— Да мне тысячу семьсот уже давали. Ей-богу, давали. Не верите? Да вы садитесь, куда торопитесь-то?
Но Пелагея Сергеевна и Семен не думали торопиться, они решили во что бы то ни стало «срезать цену» и сегодня же окончательно договориться о покупке.
В это время Елена Мироновна говорила Щуке:
— Противные какие все эти хозяйчики. Новый-то мне вовсе не понравился. Рожа мрачная, руки тяжелые.
— Да нет, знаете ли, в нем что-то есть. А вот старуха, та действительно не симпатична. — И Щука усмехнулся: — Не симпатична и как хозяюшка, и, главным образом, как женщина — страшно стара и тоща.
3
Срядились Земеровы за тысячу девятьсот двадцать рублей. В комнату, где жил прежний хозяин, пустили квартирантов.

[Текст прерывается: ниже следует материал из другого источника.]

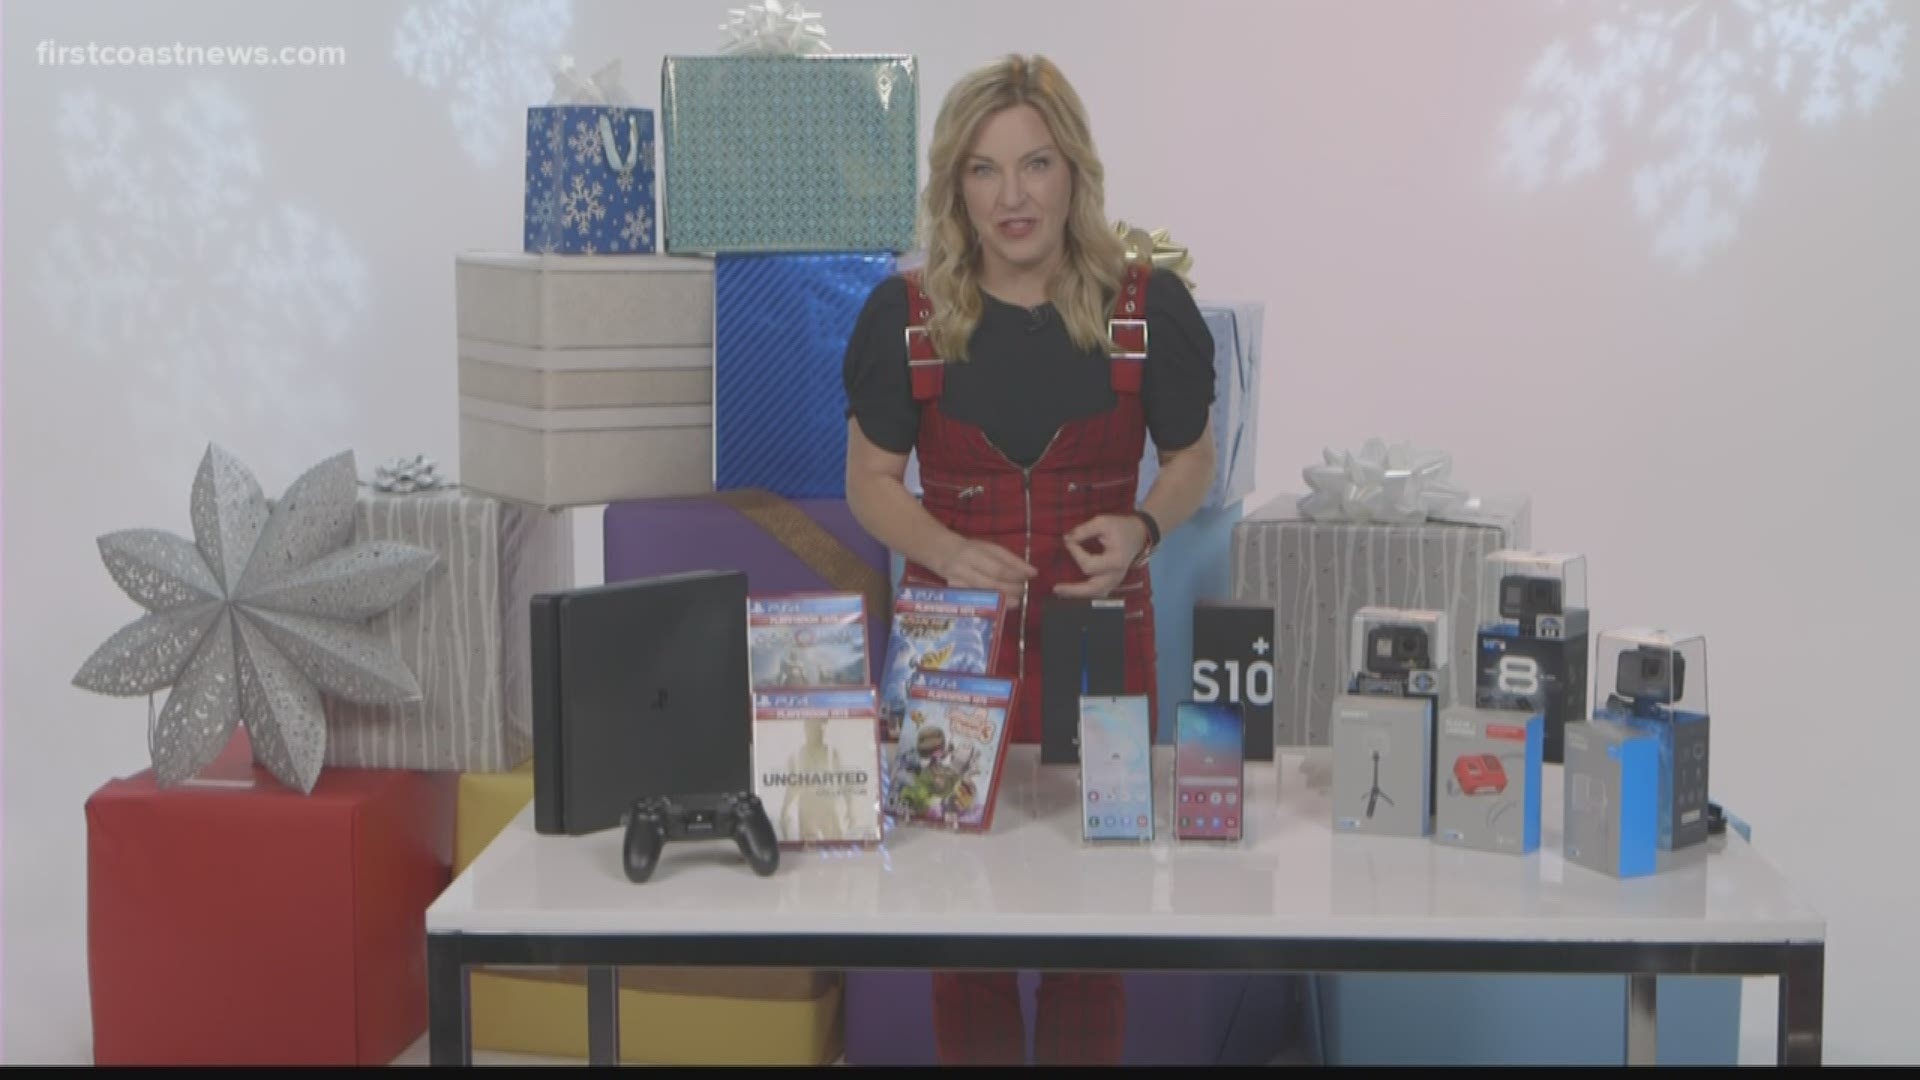 Tech expert Jennifer Jolly shares her list of the hottest gadgets to get your hands on this season.

Теперь у Семена работы прибавилось. С комбината он ехал на Луговую и торчал там до ночи: поставил новую калитку, заменил часть прясел в огороде и начал строить крыльцо. Не хватило досок. Эти окаянные доски слишком дорого стоили. Слава богу, подвернулся один дурак-продавец: сломал старую амбарушку и почти задарма отдавал бревна и доски. Половину этого добра Семен перевез к себе.
Тут время сажать картошку подоспело. Ведь опять же огороды — великое дело. Если крепко развернуться, даже в Сибири можно получать по два урожая в год. К примеру, посеять редиску (ей и месяца хватит на созревание), а сняв ее, посадить помидоры. На старом огороде редиска уже поспела. Мать бегает на базар продавать: махонький пучок — двадцать копеек, из рук хватают.

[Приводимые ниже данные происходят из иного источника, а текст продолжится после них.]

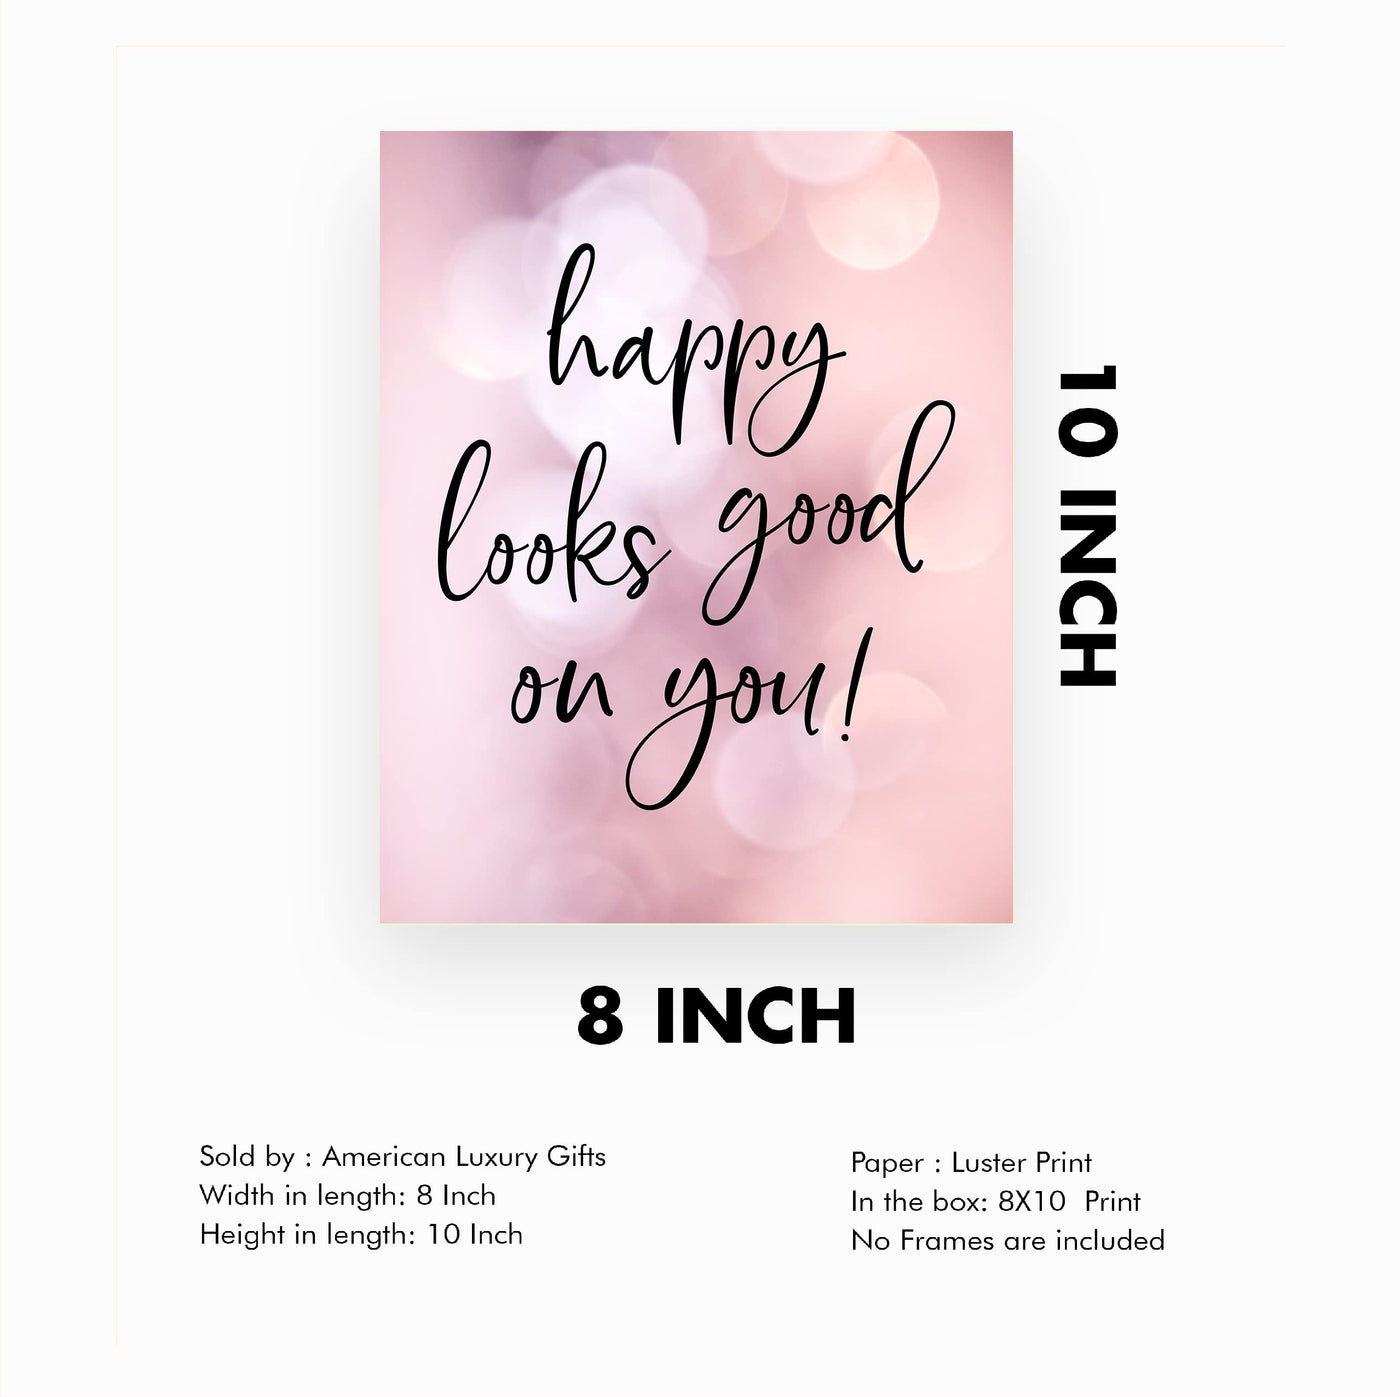 Happy Looks Good On You!- Inspirational Quotes Wall Art -8 x 10" Pink Motivational Wall Print -Ready to Frame. Modern Typographic Decor for Home-Office-School-Store. Positive Gift for Happiness!

С кроликами еще связался, тоже возни не дай бог.
Семен работал быстро, споро, без передыху. Работал, что называется, до одури. Порой его даже поташнивало и покачивало. В цехе он не мог дождаться, когда кончится смена. На заре вскакивал с постели как подстегнутый.
Уйти бы с комбината, заняться только домашними делами — озолотиться можно. Но тогда быстро за шиворот возьмут. Партгрупорг и то уж спрашивал: почему Семен «такой страшный индивидуалист», почему на лекциях не бывает, с собрания как-то сбежал. «Говорят, хозяйство свое личное раздуваете. За высоким забором живете, как в крепости». (Ладно, хоть о втором доме еще не слыхал.)
В конце смены к Семену подошел профорг цеха Квасков, старый рабочий, отличавшийся превосходным знанием столярного дела и необычайной словоохотливостью.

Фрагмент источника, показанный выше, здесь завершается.